I left the meeting with a new perspective, feeling much stronger. Yes, I called Narc on my way home. But in my mind, for the first time, I felt at peace with the idea that I might be "done" with him. Part of me wants him to come back and tell me that he can't do it-- that he can't make the commitment. Then, I can walk away from it all. If he comes back to me and tells me that he will be my boyfriend, I have to ask myself if I even want a boyfriend who had to be pushed into the relationship that way... In any case, I am ready to have this gone from my life. I don't even feel all that scared anymore. Maybe this feeling is fleeting. Maybe it will be gone in the blink of an eye. But, I know that it is here right now. And so, I know that it is possible.
I was on the phone with Narc when I swung back into my building. We were negotiating where to have dinner. My super was at the door. I ended up telling Narc to come up to my place and we'd figure it out there. Back at home, I popped in the DVD of Sunday night's recital. Unfortunately, it was skipping all over the place, so I couldn't really get a sense of my performance. I have to get another copy.
Narc called at around 9:30 and told me he was outside my building. Nearly 10 minutes passed, and he hadn't buzzed up. It turns out that my super caught hold of him in the lobby and started asking him all sorts of questions-- first joking about where we were going out to eat (having eavesdropped on my earlier phone call) and then asking him where he went to college, what he studied, what kind of music he was into, etc. Very strange...

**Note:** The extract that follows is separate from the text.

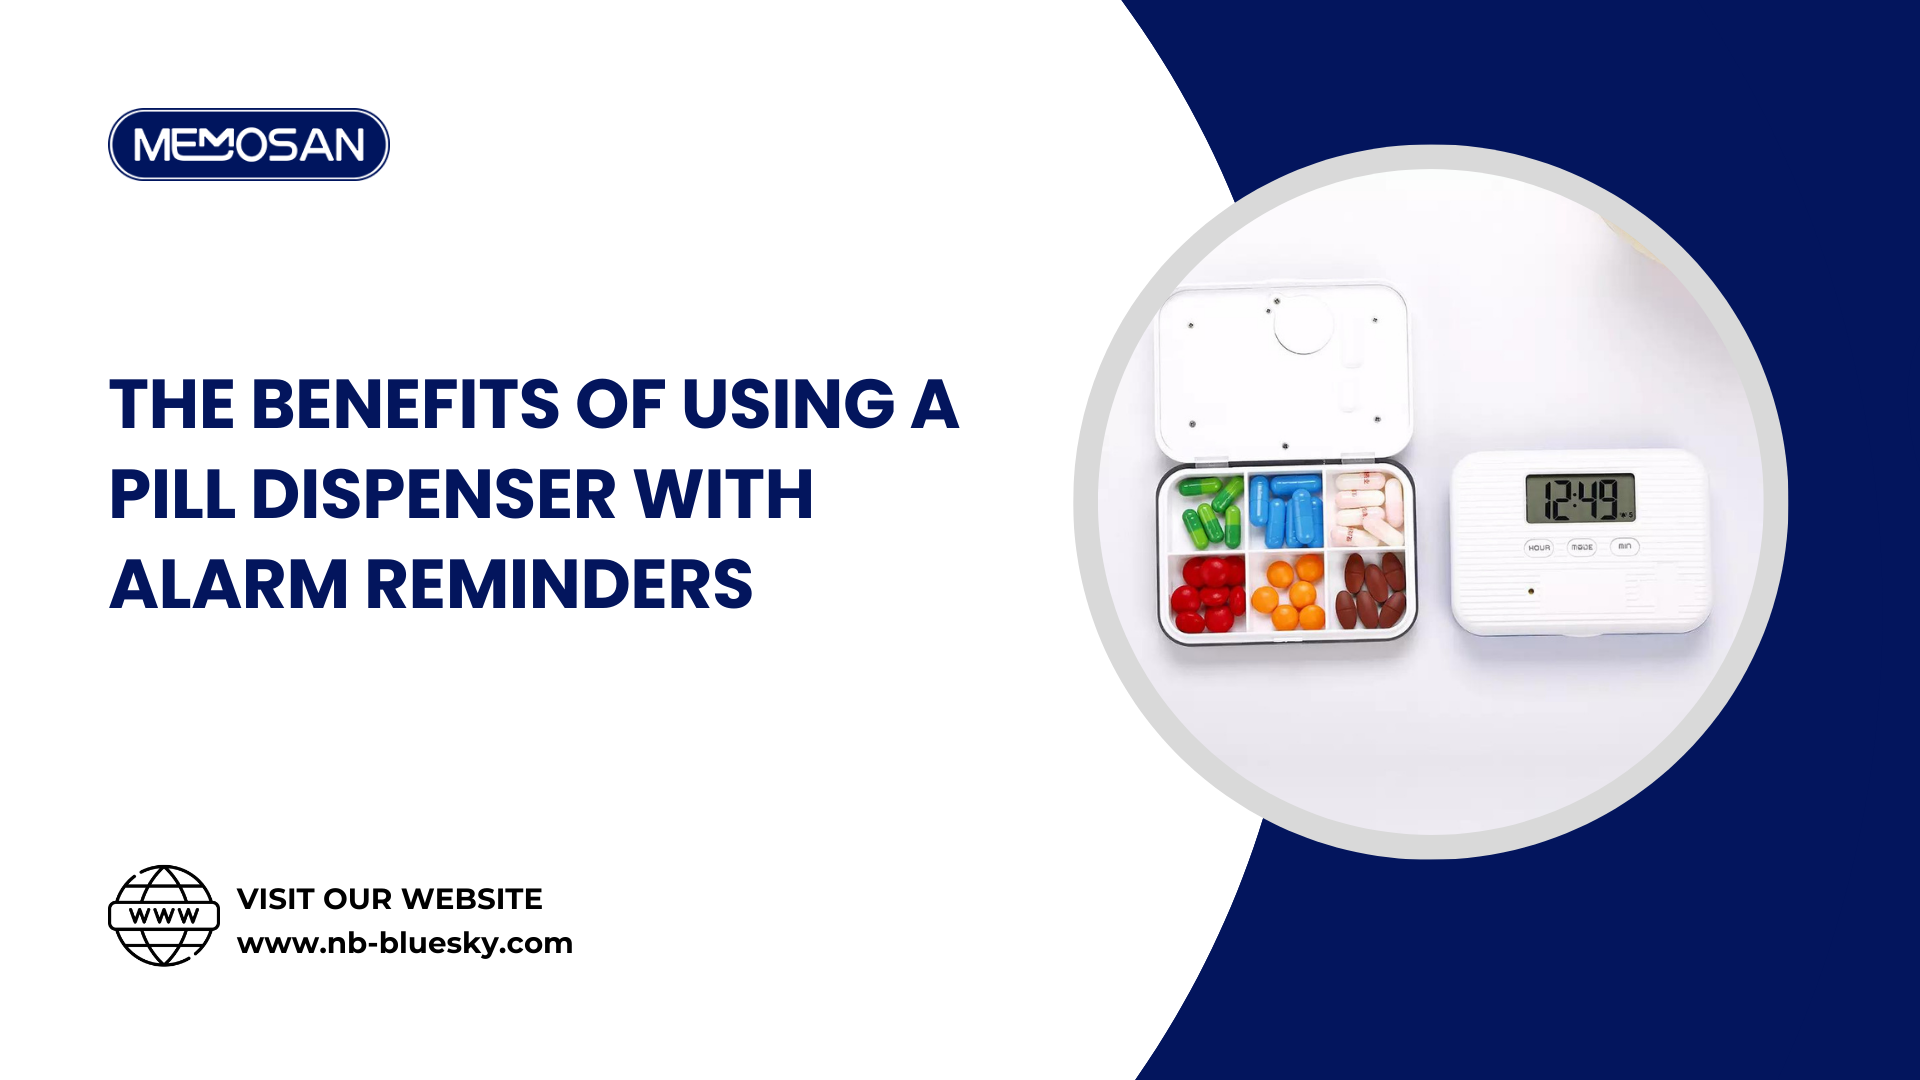 The Benefits of Using a Pill Dispenser with Alarm Reminders

Narc and I ended up ordering in Thai food and watching American Idol. My mom called at one point and I answered the phone. She started asking me about how much weight I've lost and what I weigh right now.
"I can't really talk about that right now," I said.
When I hung up the phone, Narc gave me a funny look.
"Was that one of your 'supportive friends'?" he asked. "Were you talking about me?"
"No. It was my mom," I said. "And she asked about my weight. That's all."
"Oh."
Anyway, I played a little piano later (including the Zelda theme song) and then we watched The Colbert Report in bed. This morning, as we headed out onto the street, we passed my super again. I felt a little awkward.
Anyway, I'm getting reviewed this afternoon in class. We're covering the Russian Revolution. I'm sure it will be fine, but I always hate this observation day.
I wonder what Narc is going to say to me after his analysis tomorrow? I'm wondering how it is that I suddenly feel so strong and so over this.
Perhaps it is the magic of April. April is always the most transformative month for me. All major change happens in April. April got me sober two years ago. April started my weight loss last year. April is the resurrection.
To Be Alone in Winter is a Deadly Thing.
"SOL D'INVERNO E COSA DA MORIRE!"
No one is alone in April.
"NIUNO E SOLO L'APRIL."
(April is the cruelest month. Breeding Lilacs out of the dead land, mixing Memory and desire, stirring Dull roots with spring rain. Winter kept us warm, covering Earth in forgetful snow, feeding A little life with dried tubers.)
April, come she will,
When streams are ripe and swelled with rain.